As part of their recent study, the CMS collaboration analyzed some of the data collected between 2015 and 2018, as part of the second data collection run of the LHC. They specifically focused on events characterized by the production of pairs of Z bosons, which subsequently decayed into either four charged leptons (i.e., electrons or muons) or two charged leptons and two neutrinos.
Past experimental analyses suggest that these two unique patterns are the most sensitive to the production of heavy pairs of bosons at high energies. By analyzing events that matched these patterns, therefore, the team hoped to gather clearer and more reliable results.
In addition to gathering evidence of Higgs boson contributions to ZZ production, the CMS collaboration was able to significantly improve existing measurements of the Higgs boson's total decay width or lifetime. The measurement they collected was believed to be unattainable 10 years ago, given the narrow width of the particle (i.e., 4.1 mega-electron volts according to predictions from the standard model of particle physics).
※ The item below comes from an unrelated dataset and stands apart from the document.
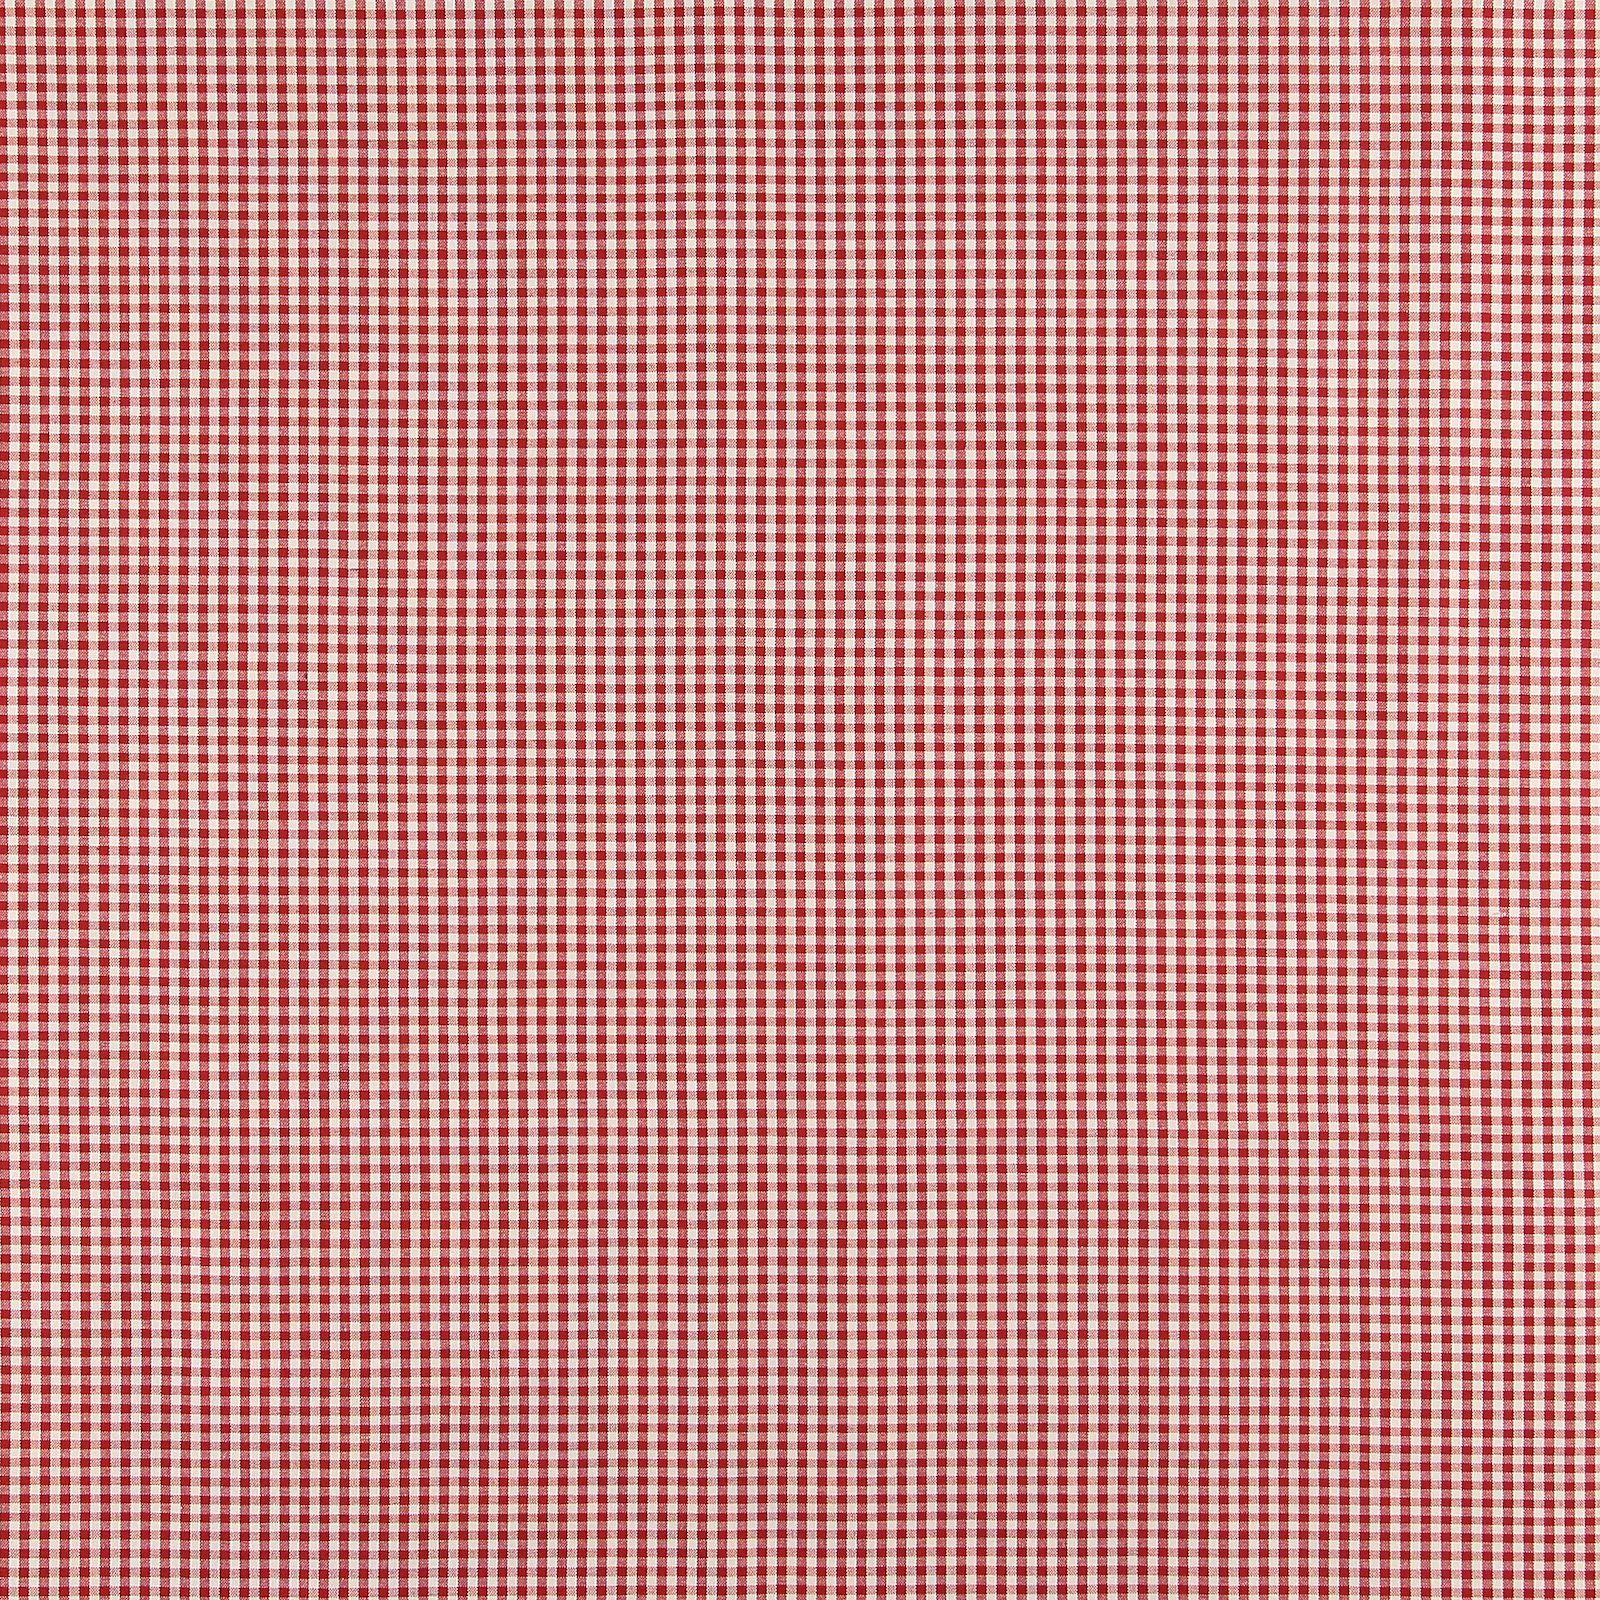 Baumwolle, rot/weiß kariert garngefärbt 810091_pack_sp

The third data collection run of the LHC started this year and is expected to continue until the end of 2025. Sarica, Yuan, and the rest of the CMS collaboration have already started preparations that will allow them to measure the Higgs boson's width with even greater precision using the new data collected as part of this third round of data collection.
(Excerpt) Read more at phys.org ...
At first, I thought the title said “bison.” LOL
I read bosom.
Getting old is no fun, but it beats the alternative.
Thanks BenLurkin!
*PING* to the others and anyone else interested (who’s got the Physics Ping list?)
Well I’m prob lost at sea here but I alway wonder if something that cannot sustain it’s energy and mass and disintegrates, effectively giving the impression of disappearing is the explanation behind a ghost.
I am prob way off but that is how I kind of understand this Higgs Boson thing.
This an excellent piece of work...
Particularly since they, basically, went deep into the millions of terabytes of data laying dormant in the LHC boneyard and laid the groundwork for some exciting future studies now that the LHC is up & running again...
This is similar to what still happens from deep dives into the previously-collected mountains of Hubble telescope data...
Then there is the JWST data that is now being collected at such a rate and detail that much of it will still be getting analyzed and published and/or used for Doctoral theses 10 years from now...
I guess that the DUNE experiment will, in a few years, be in the same type of position and start a deluge of exciting papers on neutrinos...
I like bosoms better than bison!
There is still so much to learn about the subatomic universe
This is remindful of one of the lesser-known comments from Einstein: "If you can't explain it simply, you don't understand it well enough."